Un riesgo amenaza toda puesta en escena, sobre todo a la primera de ellas. Un riesgo que nunca ha sido superado, y que nunca lo será: el riesgo de la muerte, a manos de la turba que no logra hacer un corte entre la realidad y la ficción, o más precisamente entre aquella realidad que desconoce el sentido extramoral y esta realidad cuya experimentación es la puesta en escena de la libertad.
Thespis fue el primero en tomar ese riesgo, al hacer de su vida una puesta en escena. Al interpretar su primer personaje, se vio obligado a interpretar el resto de su vida como una actuación sin guión. Cuando fue exiliado de la ciudad por Solón, a causa de su facilidad para perturbar la facultad de discernir del pueblo, tuvo ante sí la pregunta que definiría la forma de las artes dramáticas: «¿Ser, o no ser?». He ahí la cuestión.
Condenado a vagar en su carruaje por tierras sin nombre, Thespis dio forma a la puesta en escena: ya no estaba en eterno exilio, sino interpretando la primera gira de un teatro itinerante.
Ser y no ser son las operaciones que dan forma a la puesta en escena: el que interpreta es, a la vez que no es. Quien se planta en un escenario es lo que interpreta, al mismo tiempo que no lo es; es su propia biografía, en un mundo inmenso que no acepta ficciones, a la vez que no debe responder a ningún elemento que se encuentre por fuera de su interpretación.
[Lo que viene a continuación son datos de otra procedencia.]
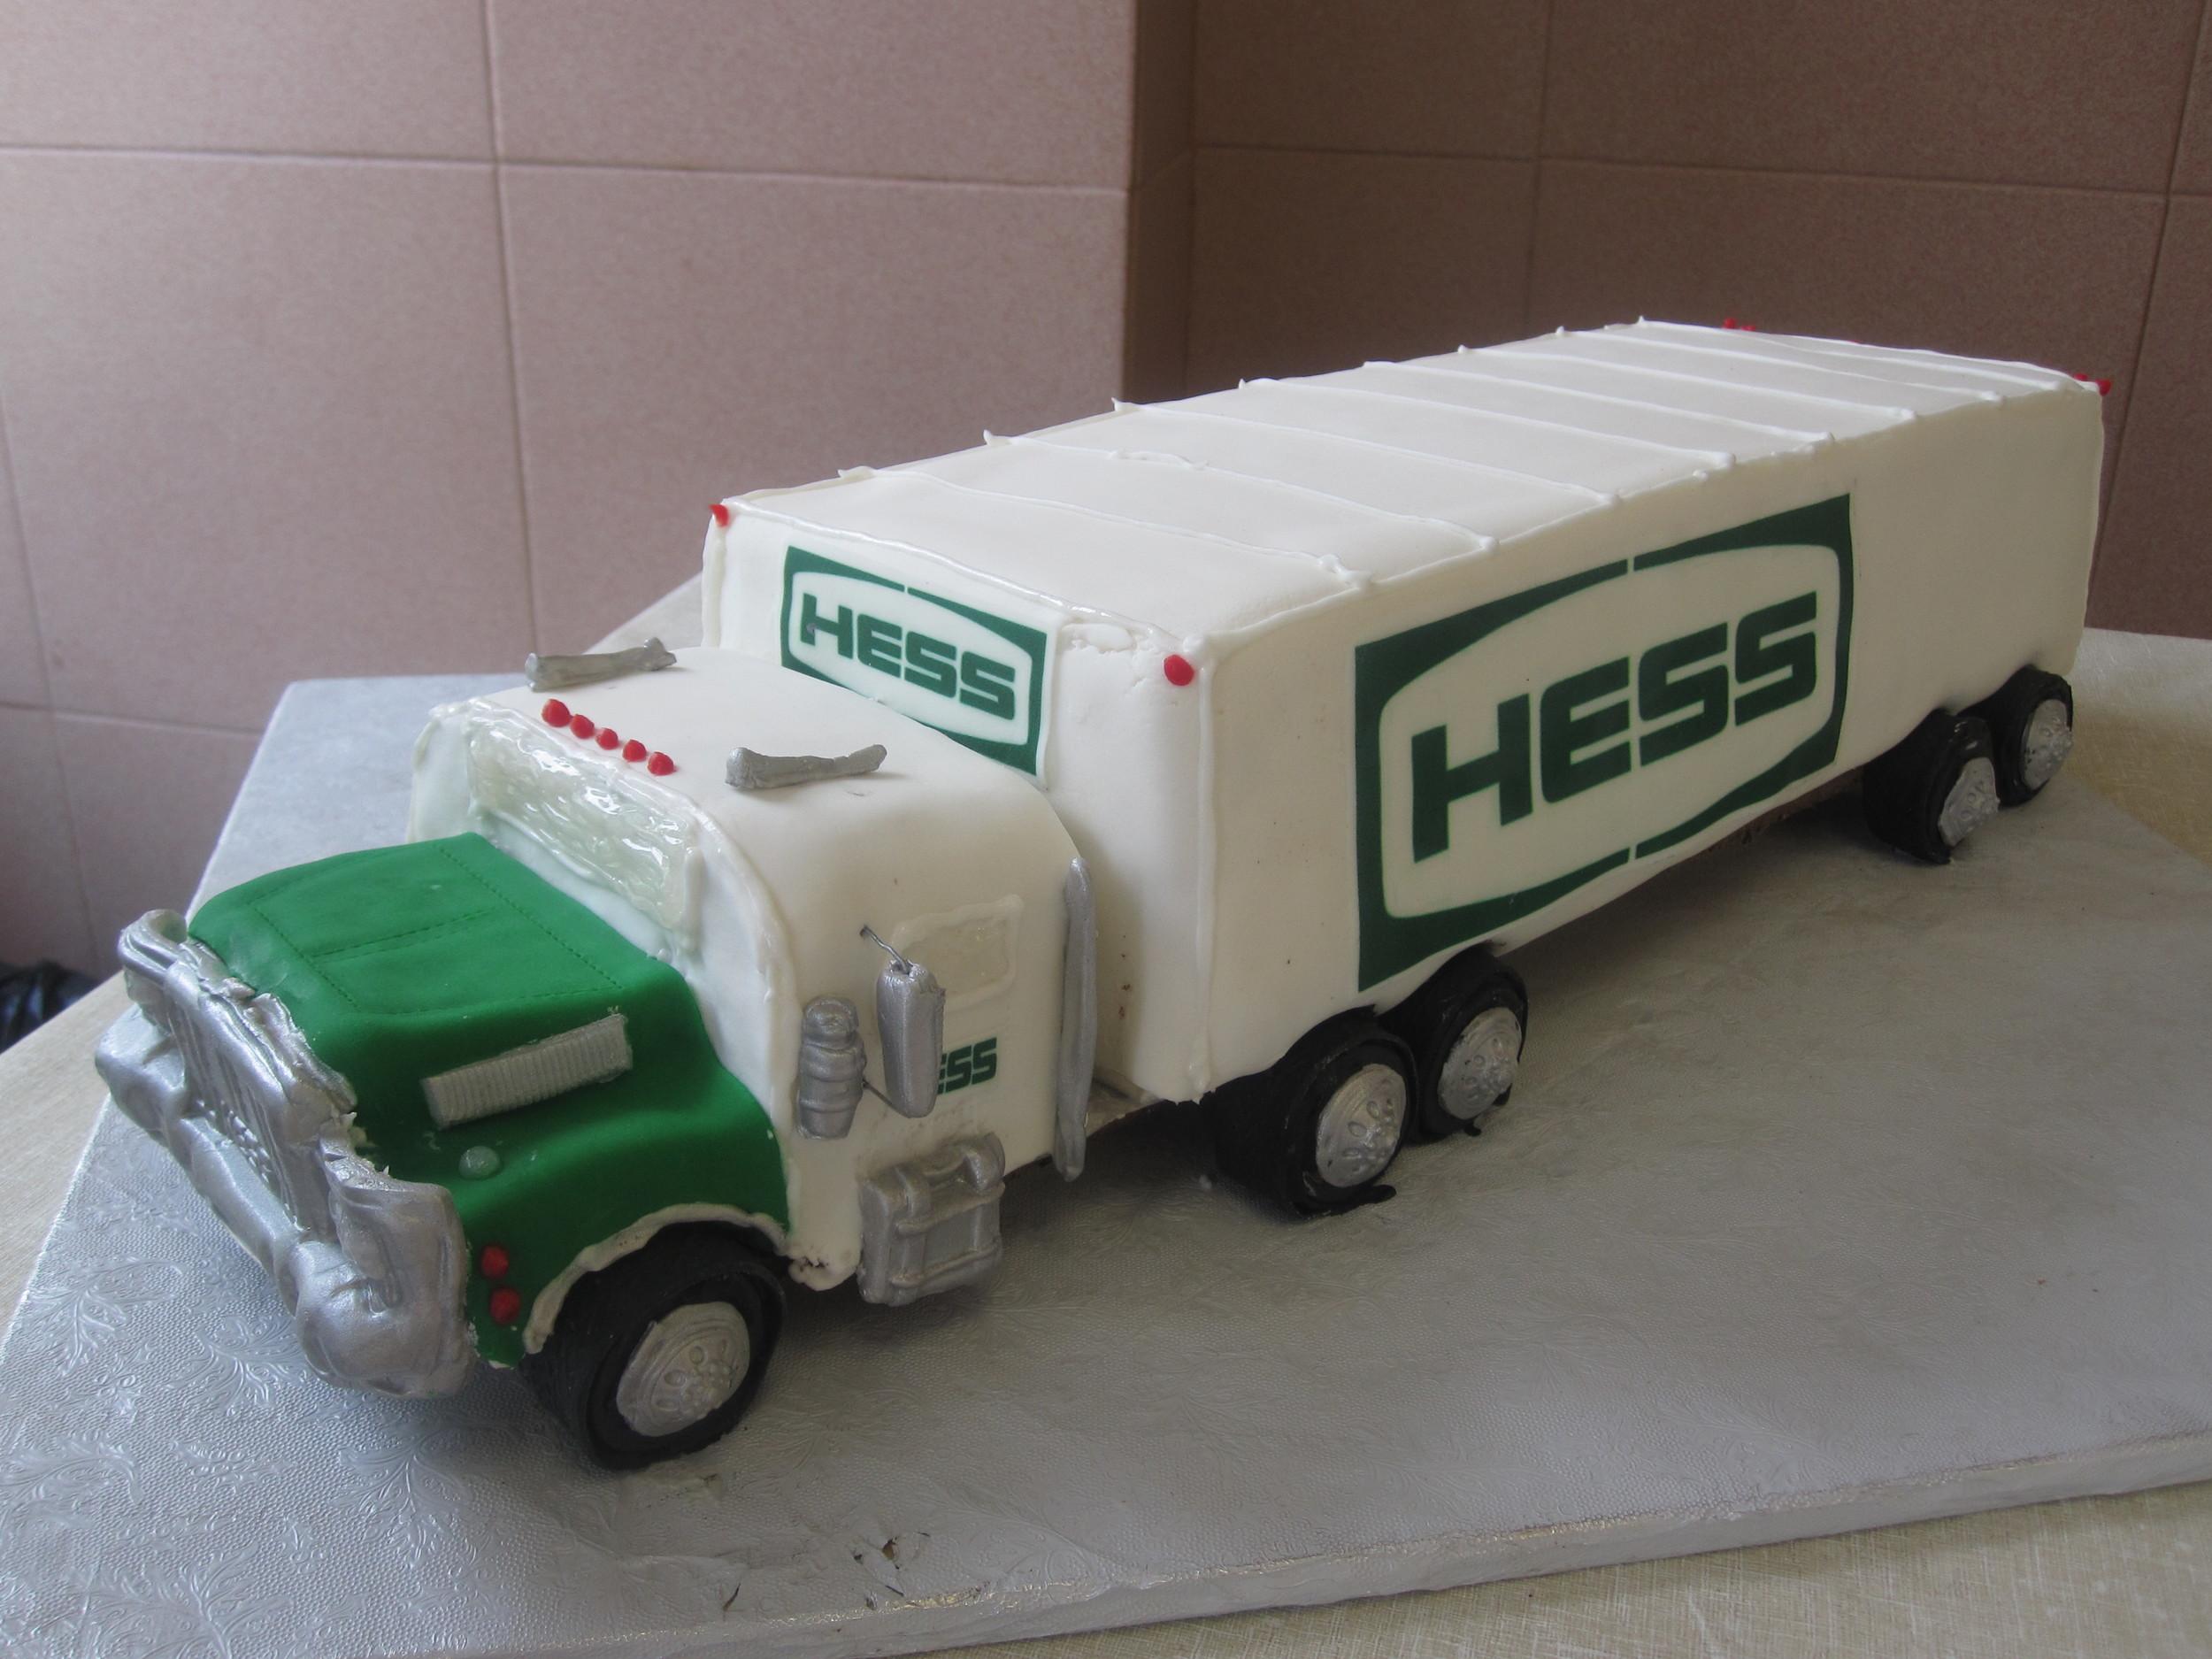 Hess Truck.JPG

¿Ser, o no ser? Ese es el riesgo, el riesgo que los mañanas se deslicen de día en día hasta el último suspiro; el riesgo que nuestros ayeres no sean más que un montón de payasos que han facilitado el paso a la polvorienta muerte. El riesgo que la vida no sea sino una simple sombra que pasa, un cuento relatado por un idiota, lleno de ruido y furia. El riesgo que la vida carezca de sentido.